**What you are asked to do:** Pictures do not belong in your copy. Repeat all the other data exactly.

**The data:**
=-=-=
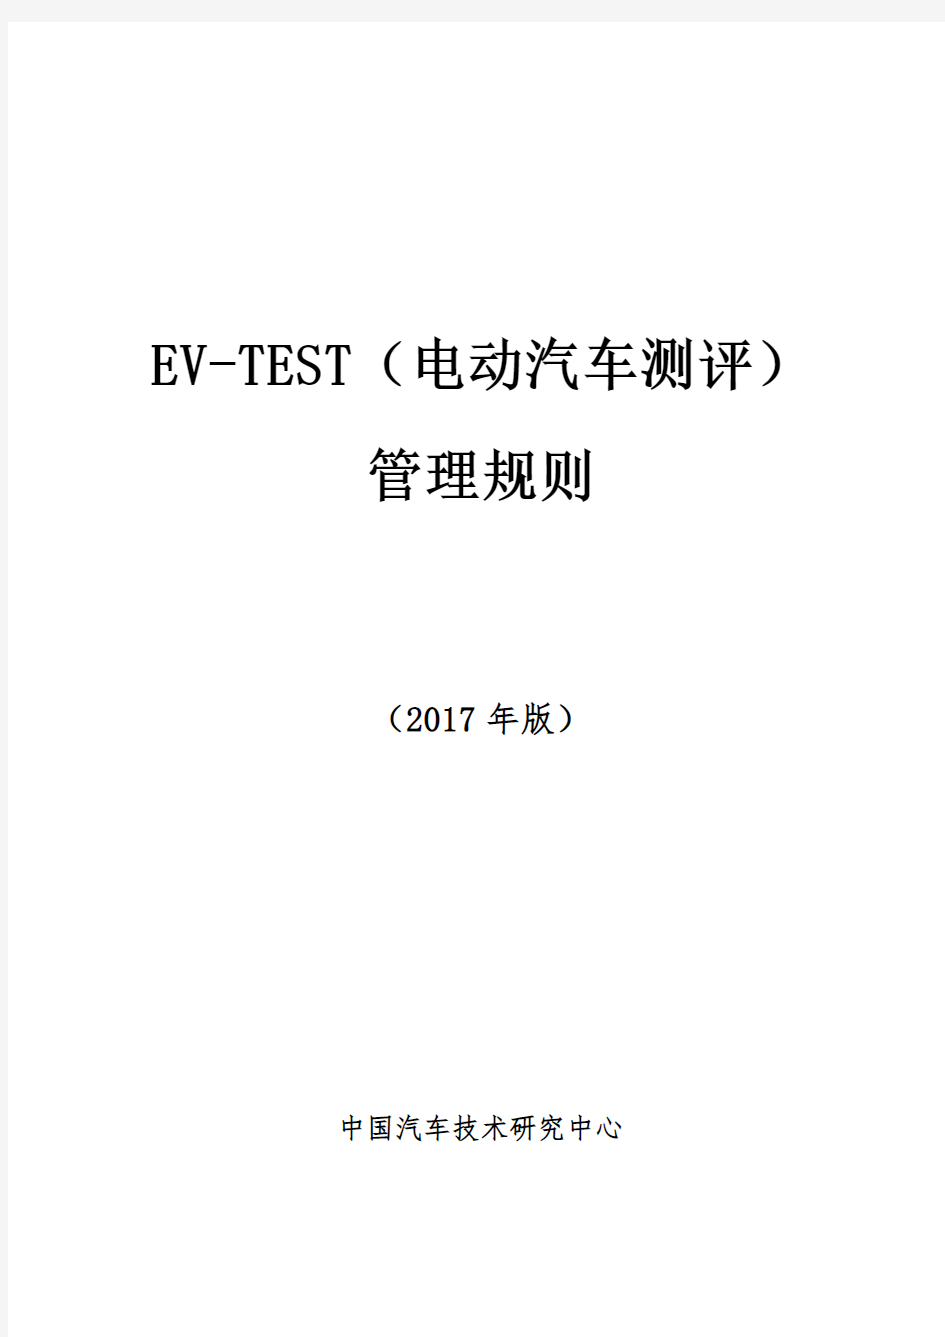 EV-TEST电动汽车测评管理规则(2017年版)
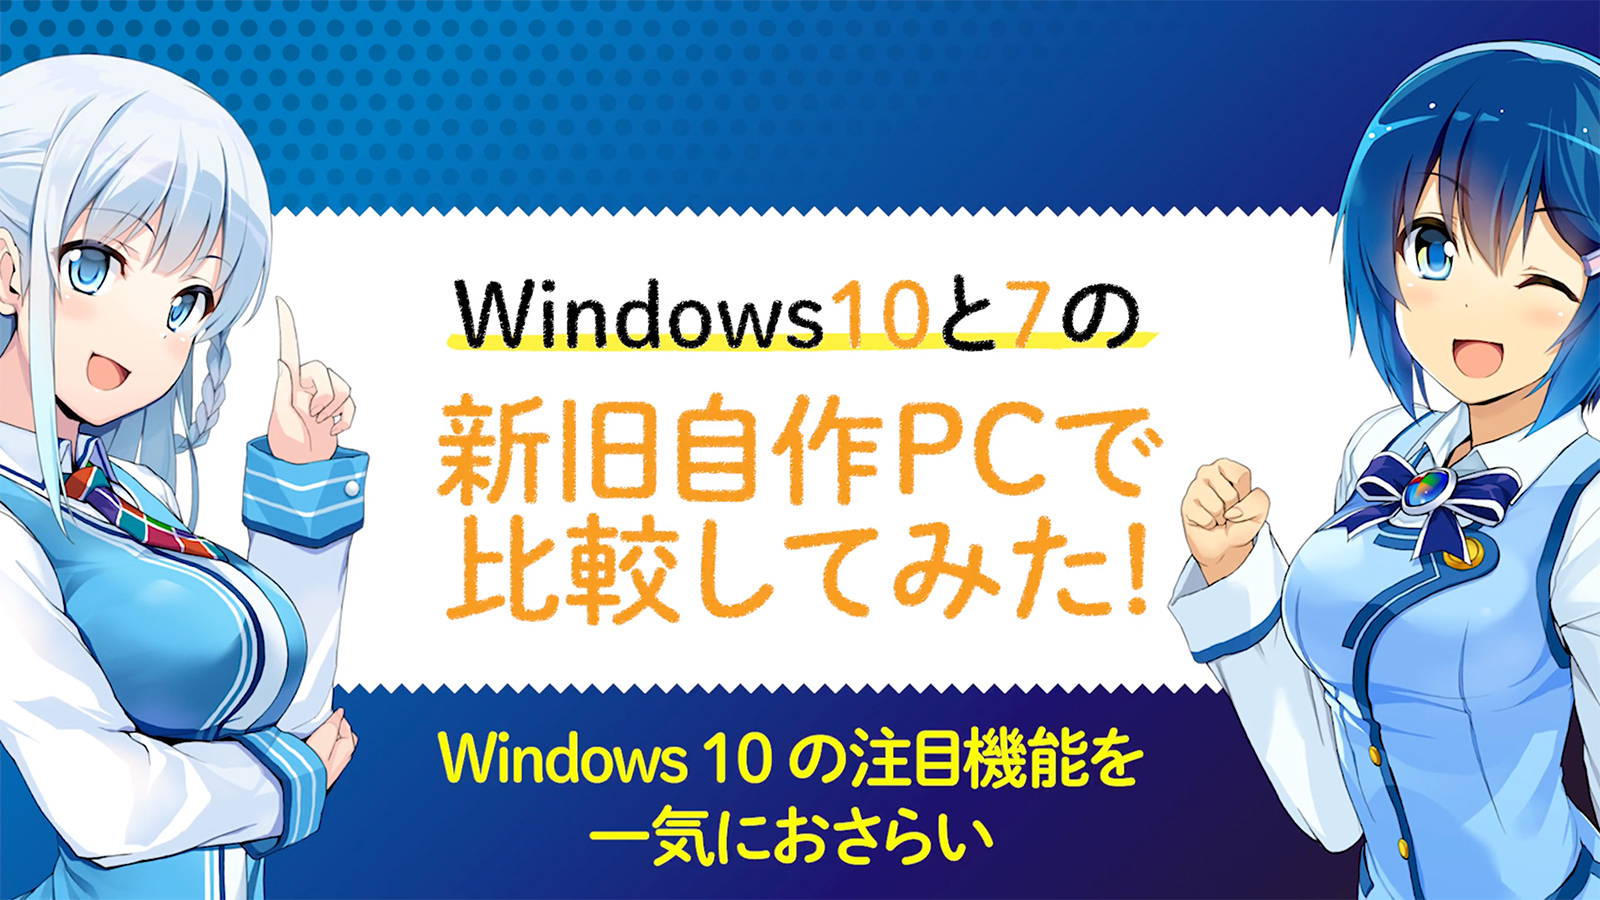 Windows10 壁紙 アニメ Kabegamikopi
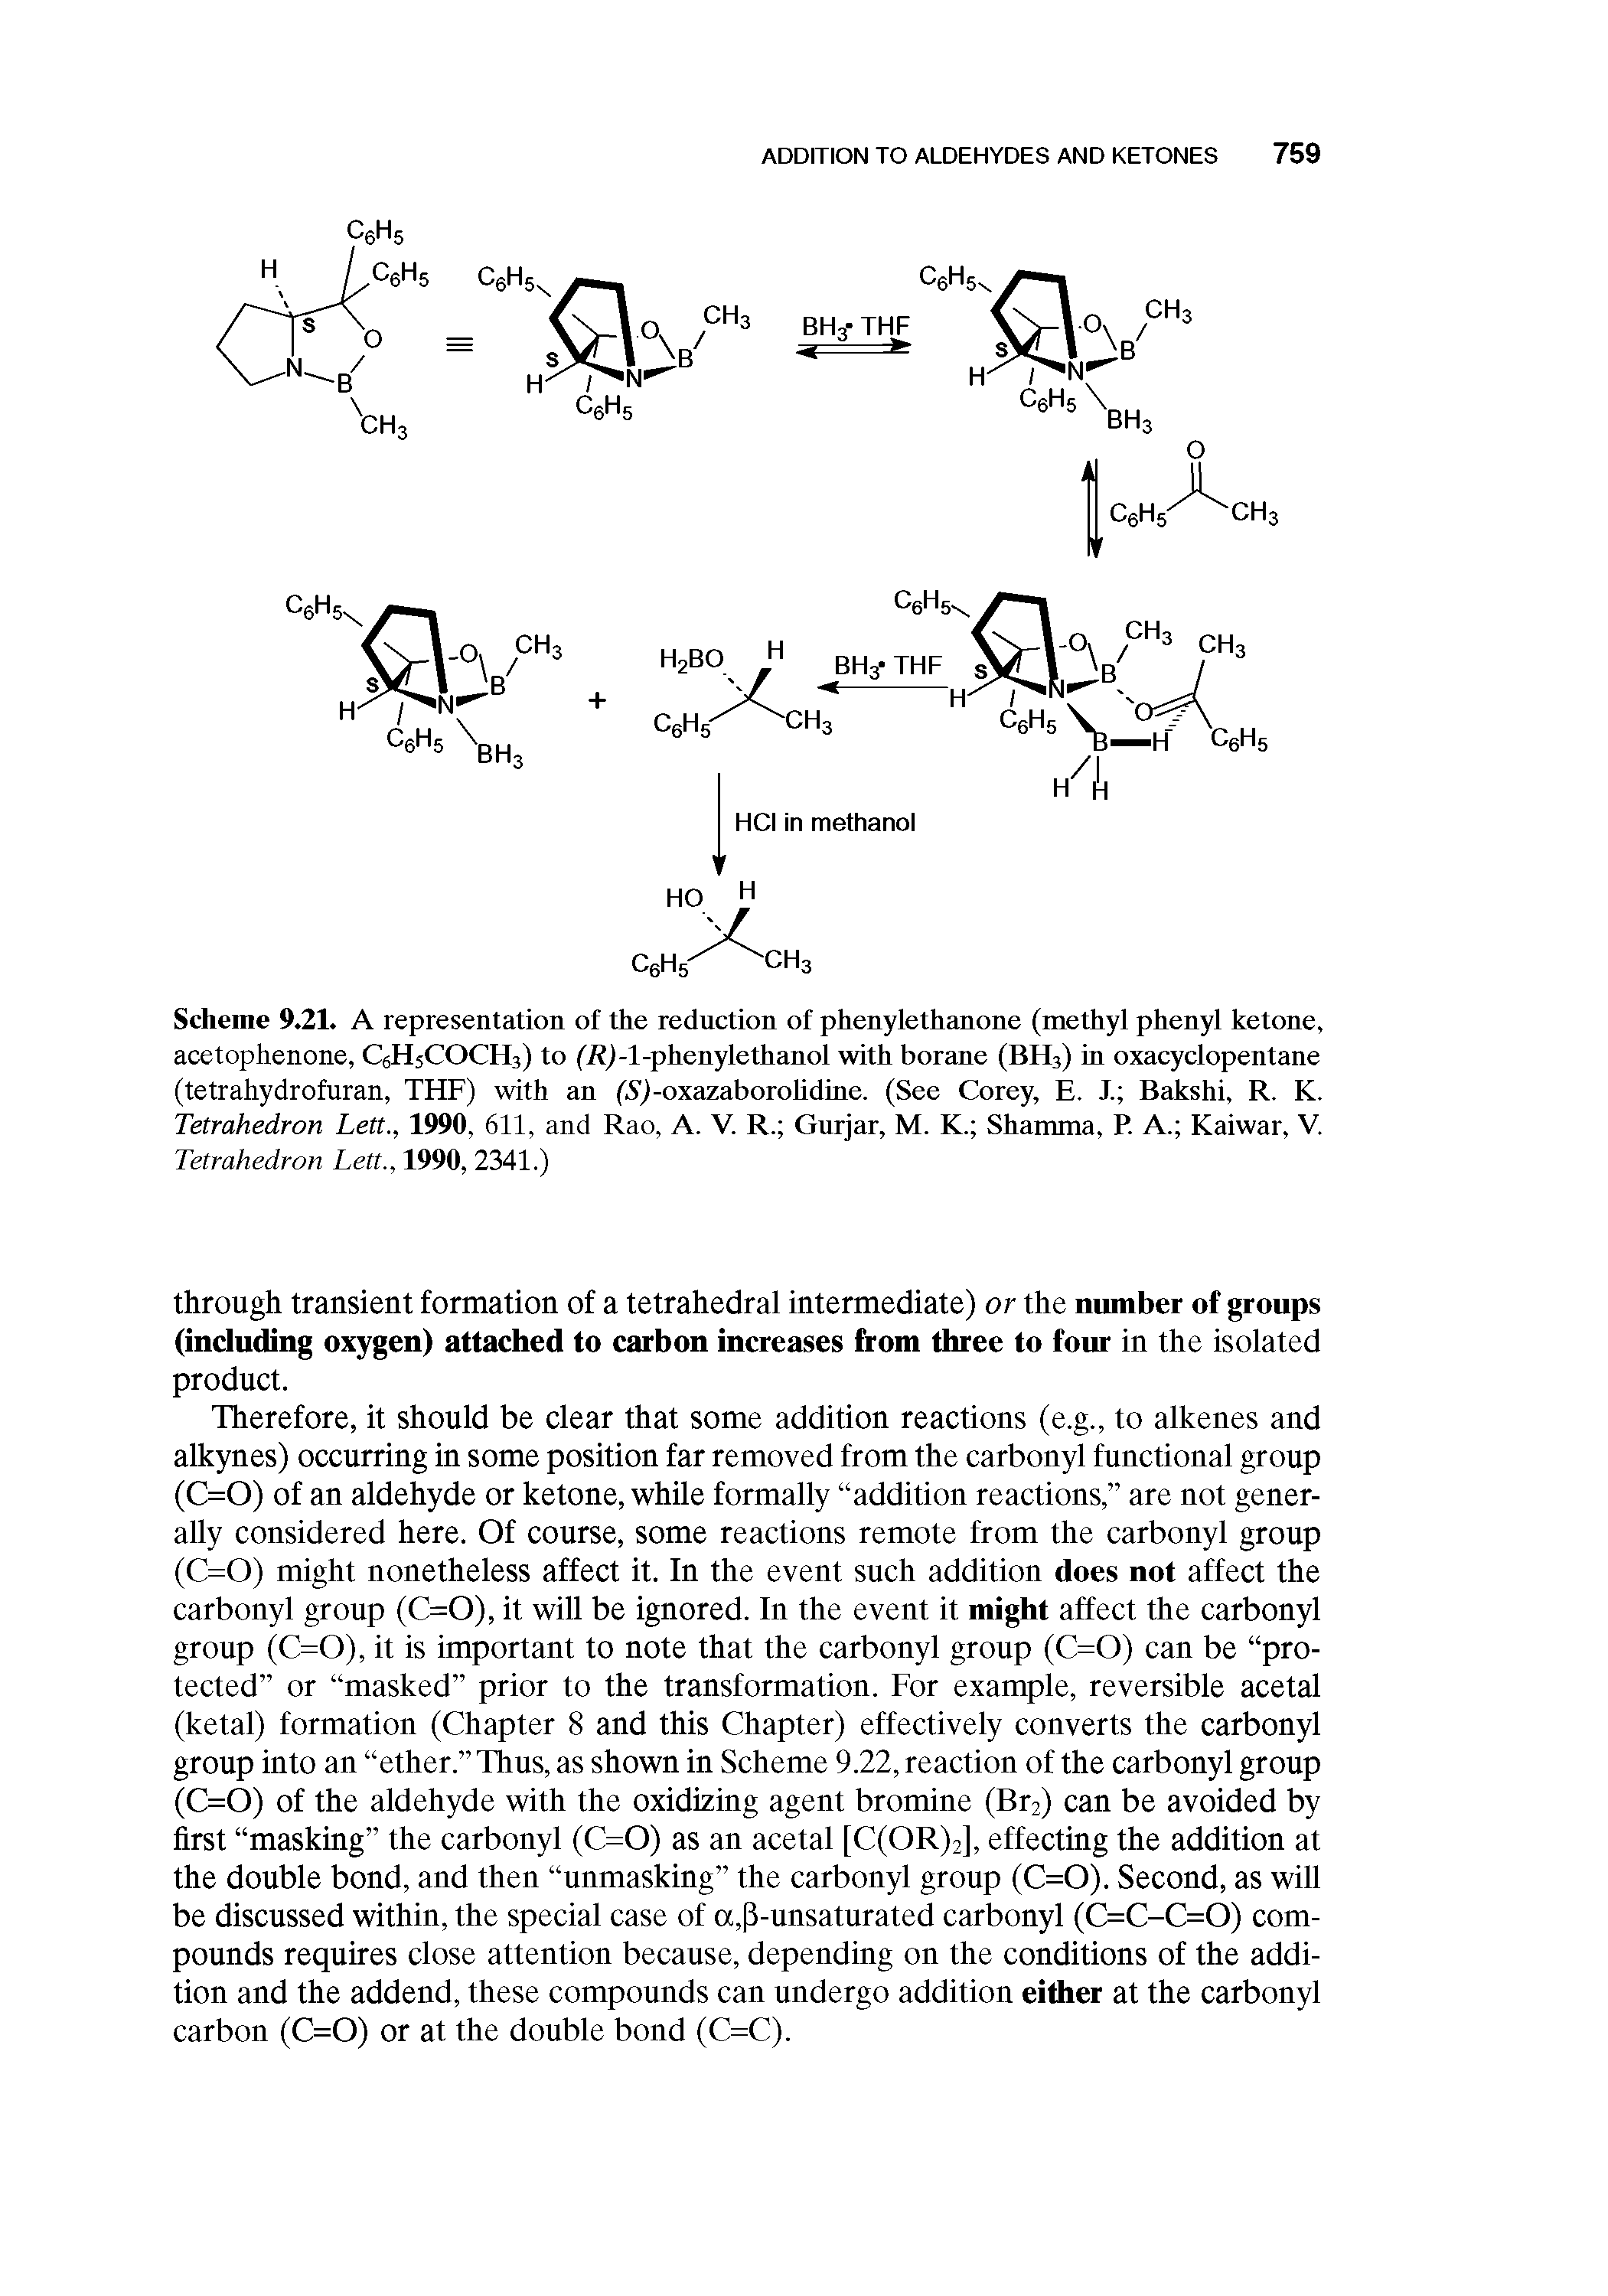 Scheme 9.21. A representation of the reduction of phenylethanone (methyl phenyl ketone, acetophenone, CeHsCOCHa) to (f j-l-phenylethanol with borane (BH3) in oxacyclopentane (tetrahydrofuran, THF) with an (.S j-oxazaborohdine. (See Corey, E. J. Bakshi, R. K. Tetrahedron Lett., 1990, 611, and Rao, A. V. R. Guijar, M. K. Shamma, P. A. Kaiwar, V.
=-=-=
**Exercise solution:**
 EV-TEST电动汽车测评管理规则(2017年版)
 Windows10 壁紙 アニメ Kabegamikopi
 Scheme 9.21. A representation of the reduction of phenylethanone (methyl phenyl ketone, acetophenone, CeHsCOCHa) to (f j-l-phenylethanol with borane (BH3) in oxacyclopentane (tetrahydrofuran, THF) with an (.S j-oxazaborohdine. (See Corey, E. J. Bakshi, R. K. Tetrahedron Lett., 1990, 611, and Rao, A. V. R. Guijar, M. K. Shamma, P. A. Kaiwar, V.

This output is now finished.